If you don't have an older, wiser doe, then give the boys time.  Backseat fumbles from teenagers often turn out well.. for rabbits anyway.


----------



## GLENMAR (Sep 29, 2012)

I wish. I got most of these around the same time. The pairs that I am working with are my oldest. None of my rabbits have been bred before. The does are not running away, but not lifting their tails either. They are not used to a lot of handling, so helping does not work. I just we will just keep trying.

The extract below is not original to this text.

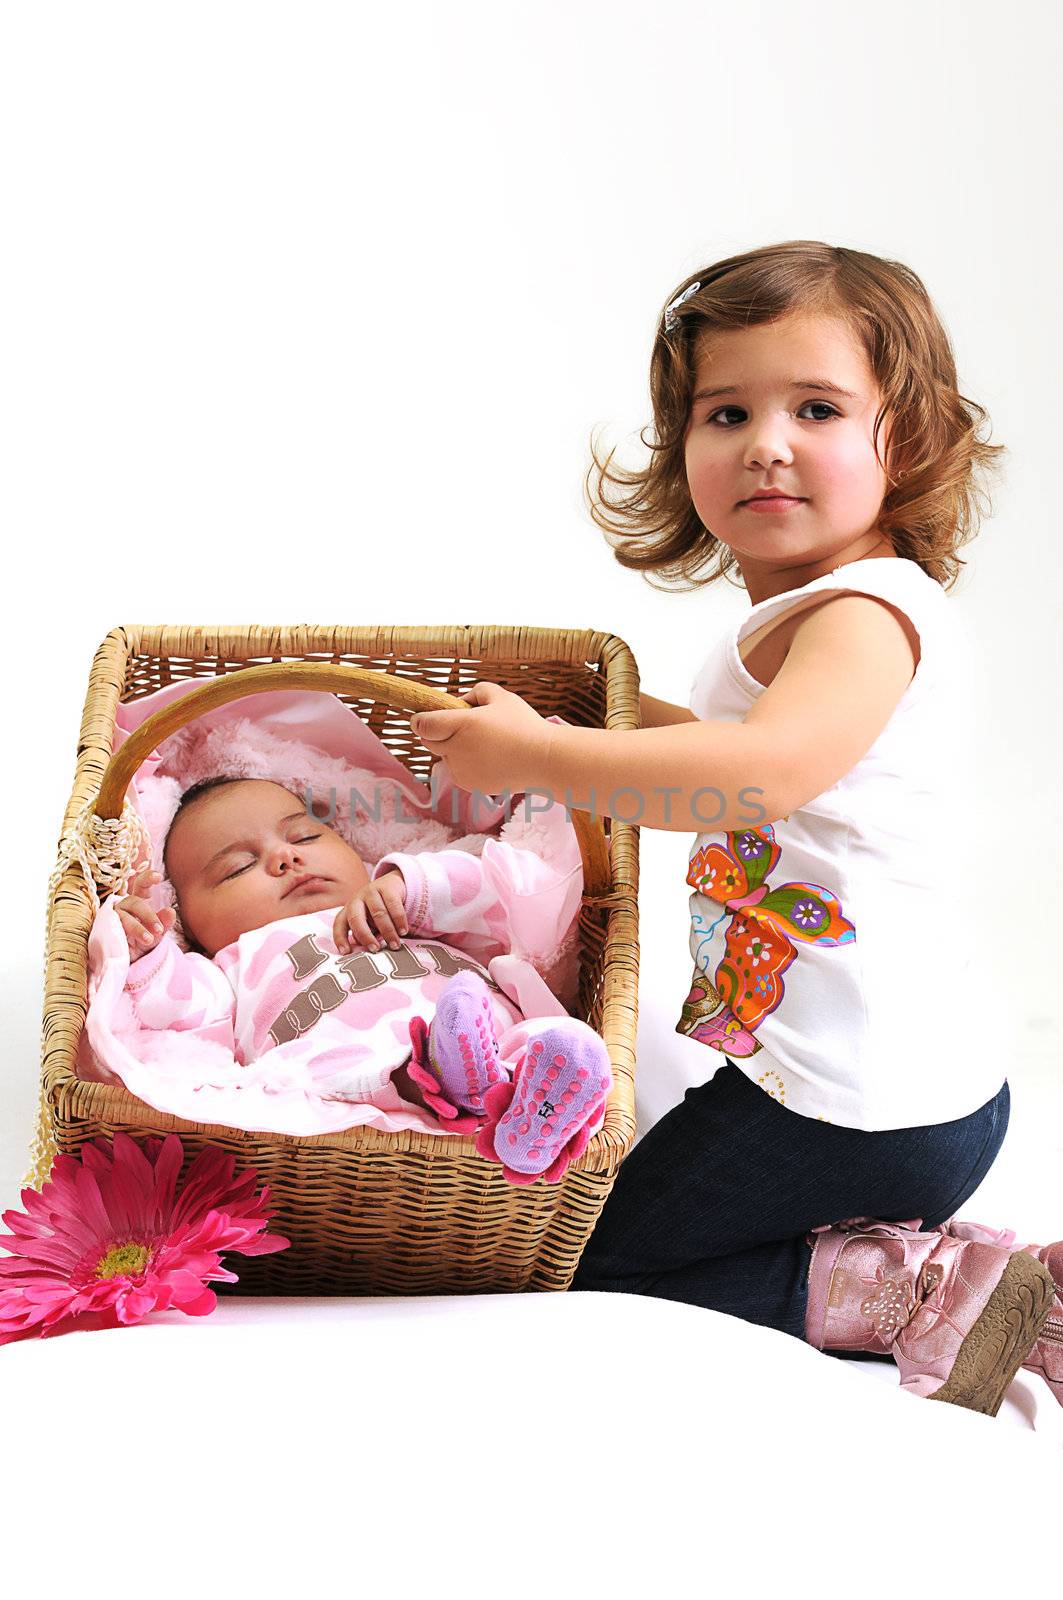 two sisters playing and smiling in a basket by Ansunette

Should I put them in there every other day for a while? I have been leaving them for about 10-15 minutes and watching.


----------



## animalmom (Sep 30, 2012)

Glenmar;

Risking getting murmurs of discontent here... when I first restart my breeding season each year I'll leave the doe in with the buck for sometimes the whole day... ok not 24 hours, but from 8am to 7pm.  I figure it takes them a while running around each other to settle down and get the idea of what they are suppose to do.  Later on in the breeding season I don't need to do this as the bucks and does have a good grasp of the task and bunnyfall is quick and often.

Some folks don't like the idea of leaving the doe with the buck for a long period of time.  I've not experienced any fighting... I do see some "this is MY corner, THAT is YOUR corner" posturing, but by the end of the day the doe is no longer grabbing the front of the cage doing the Jimmy Cagney "Hey Screw, let me outta here".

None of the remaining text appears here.